• WORK TO BE COMPLETED: After locating the line that holds "Bermuda Standard Kaki", copy that line and all that follow it word for word through the end of the data, with no pictures.

• DATA SHOWN:
● ● ● ●
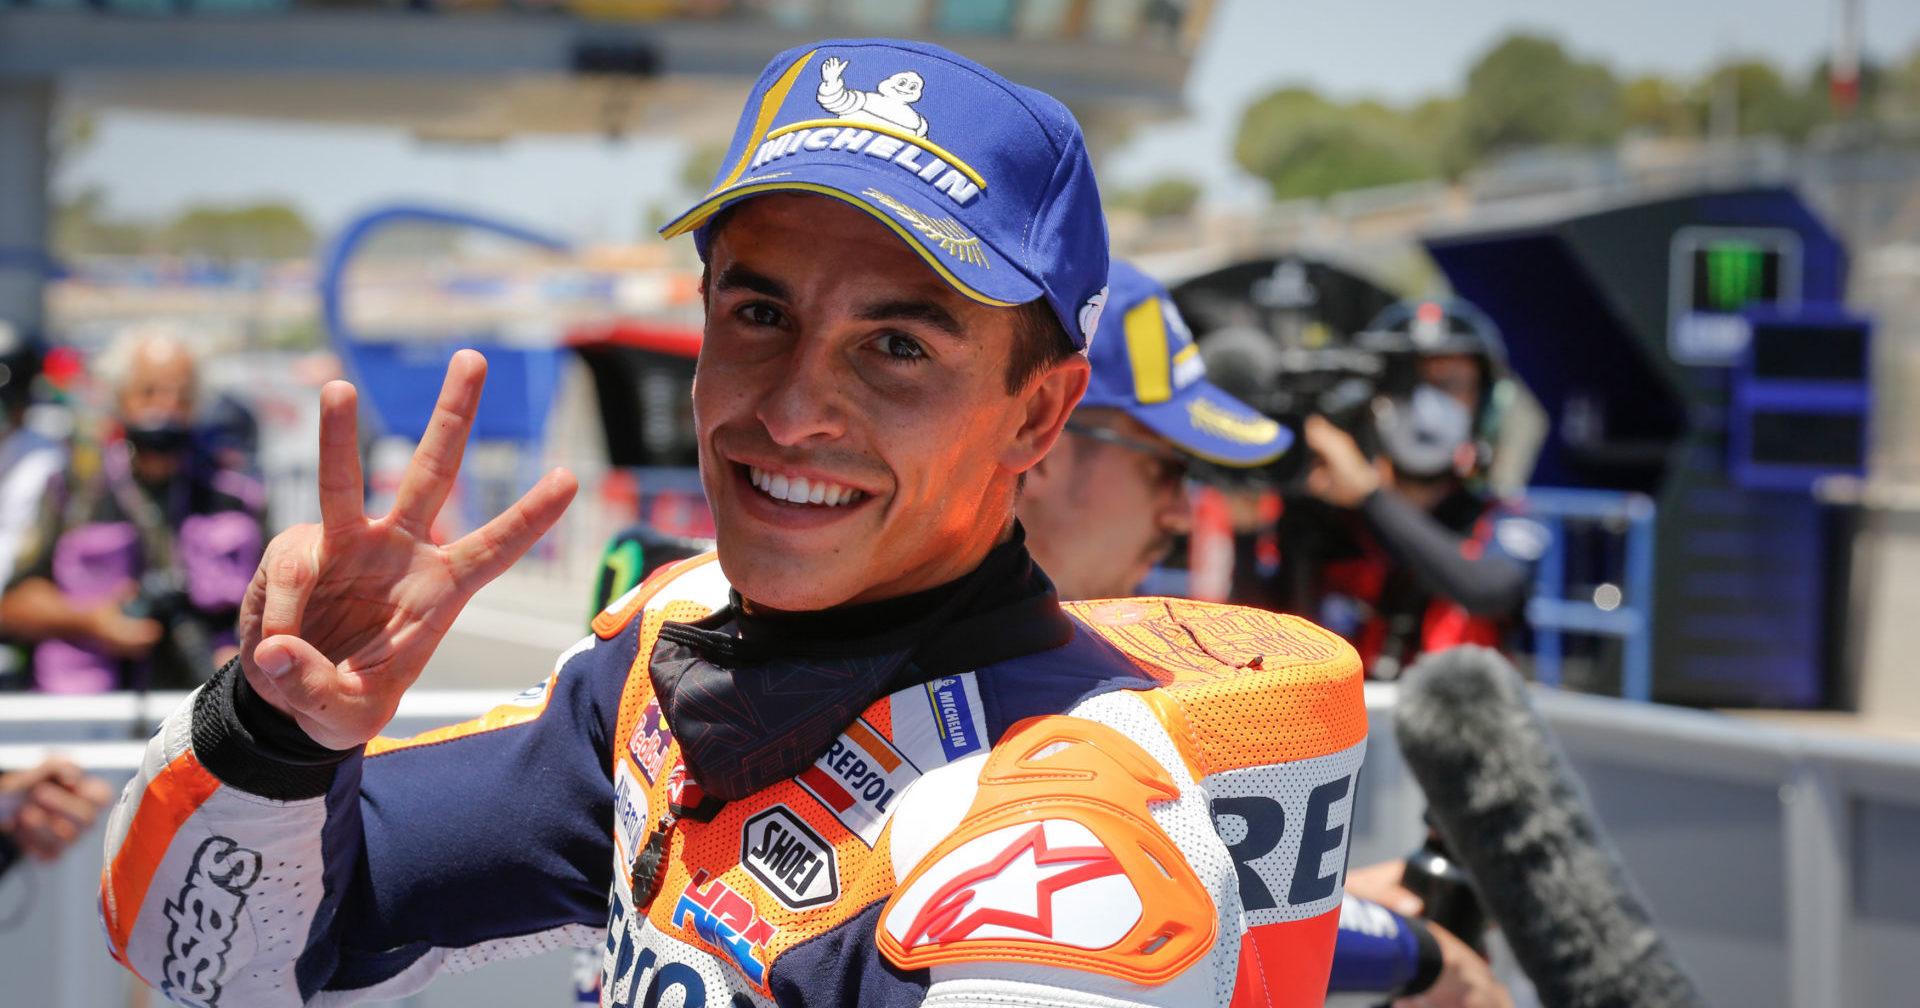 Marc Marquez, after qualifying July 18 at Jerez. Photo courtesy Repsol Honda.
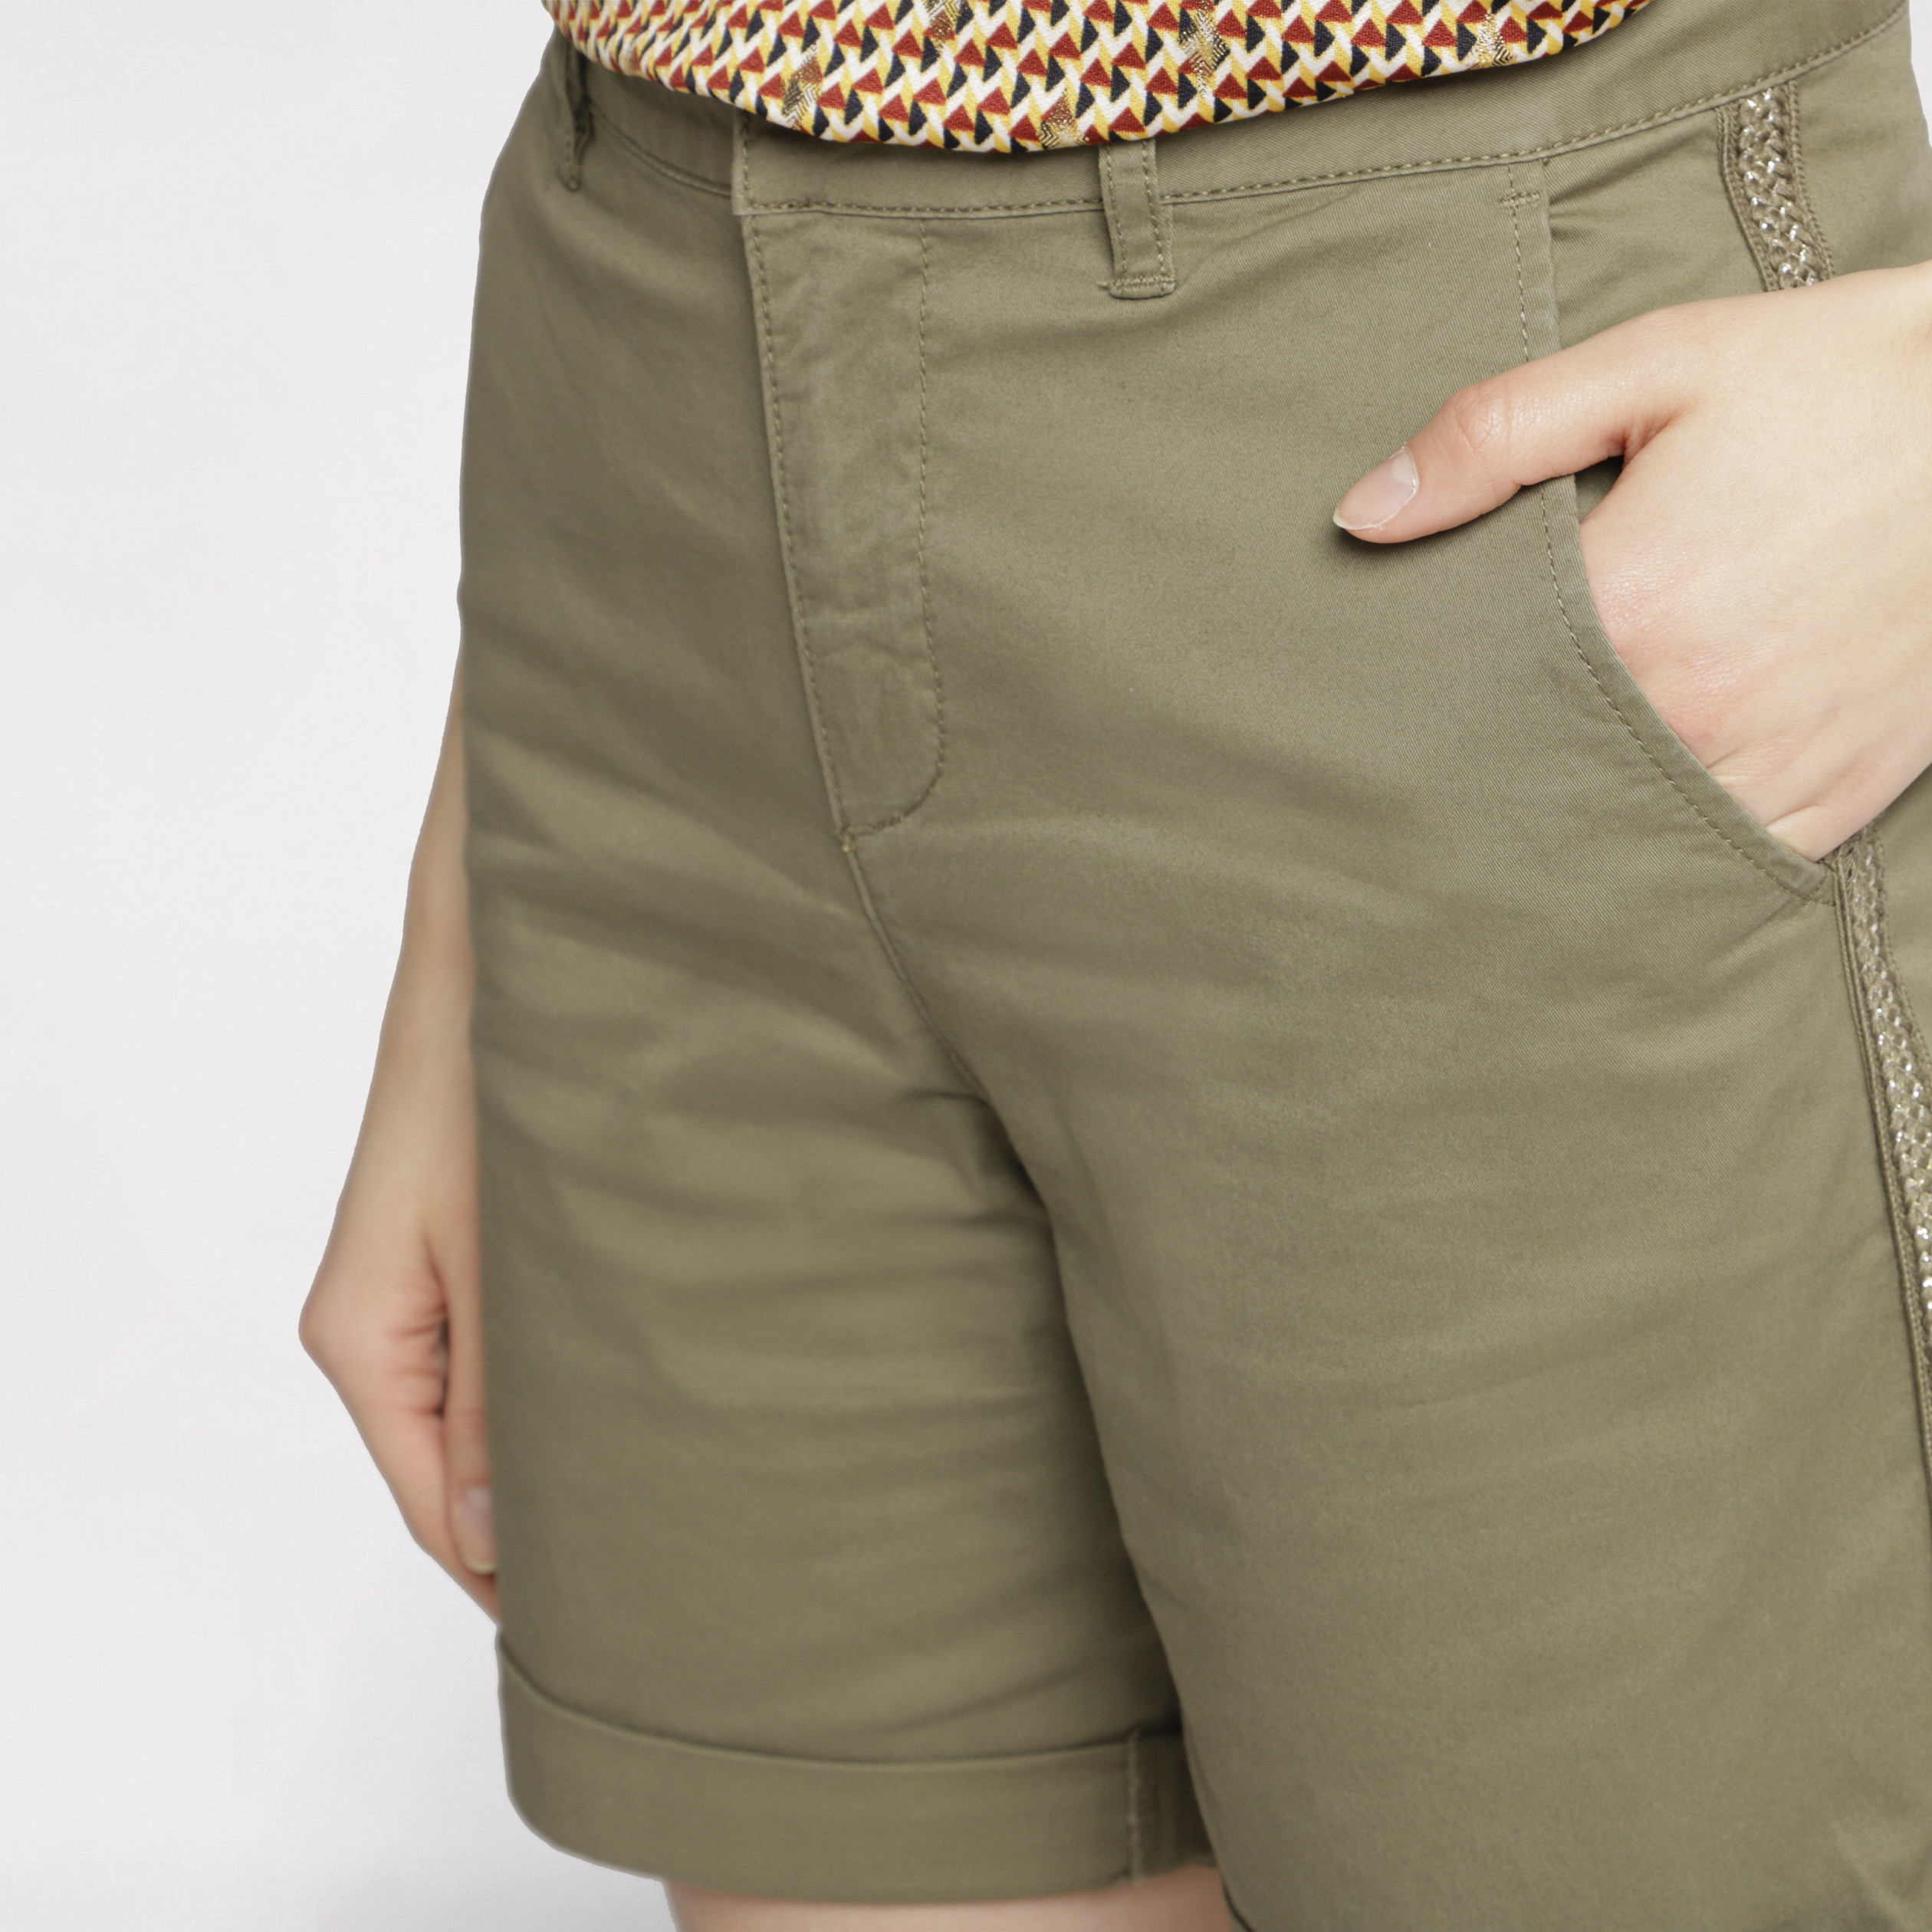 Bermuda Standard Kaki Droit Femme Taille Vert sChtQrdx
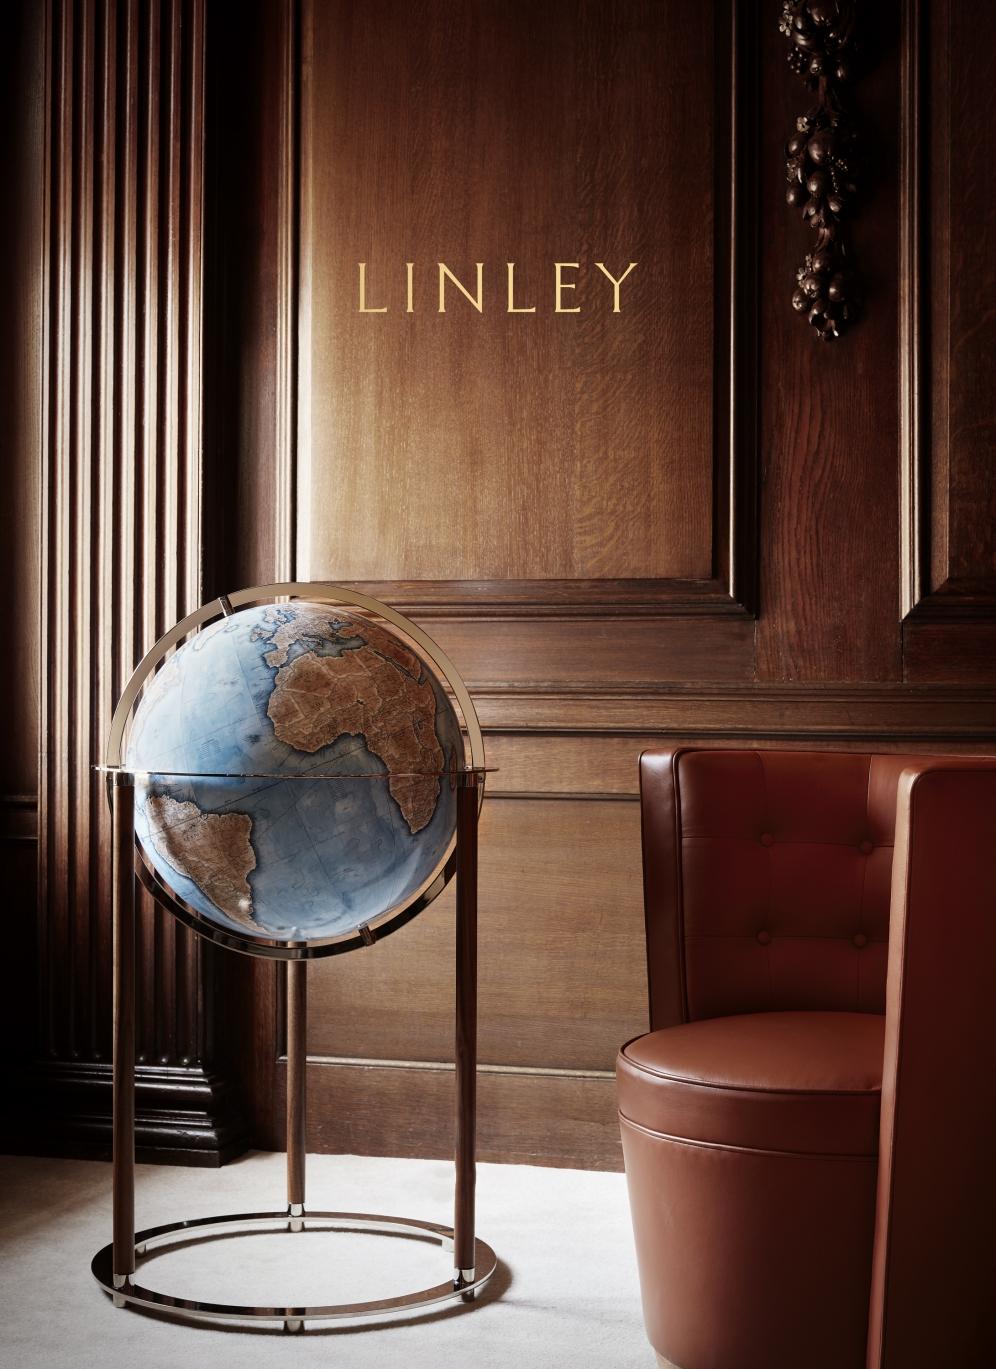 Linley
● ● ● ●
• TASK RESPONSE:
 Bermuda Standard Kaki Droit Femme Taille Vert sChtQrdx
 Linley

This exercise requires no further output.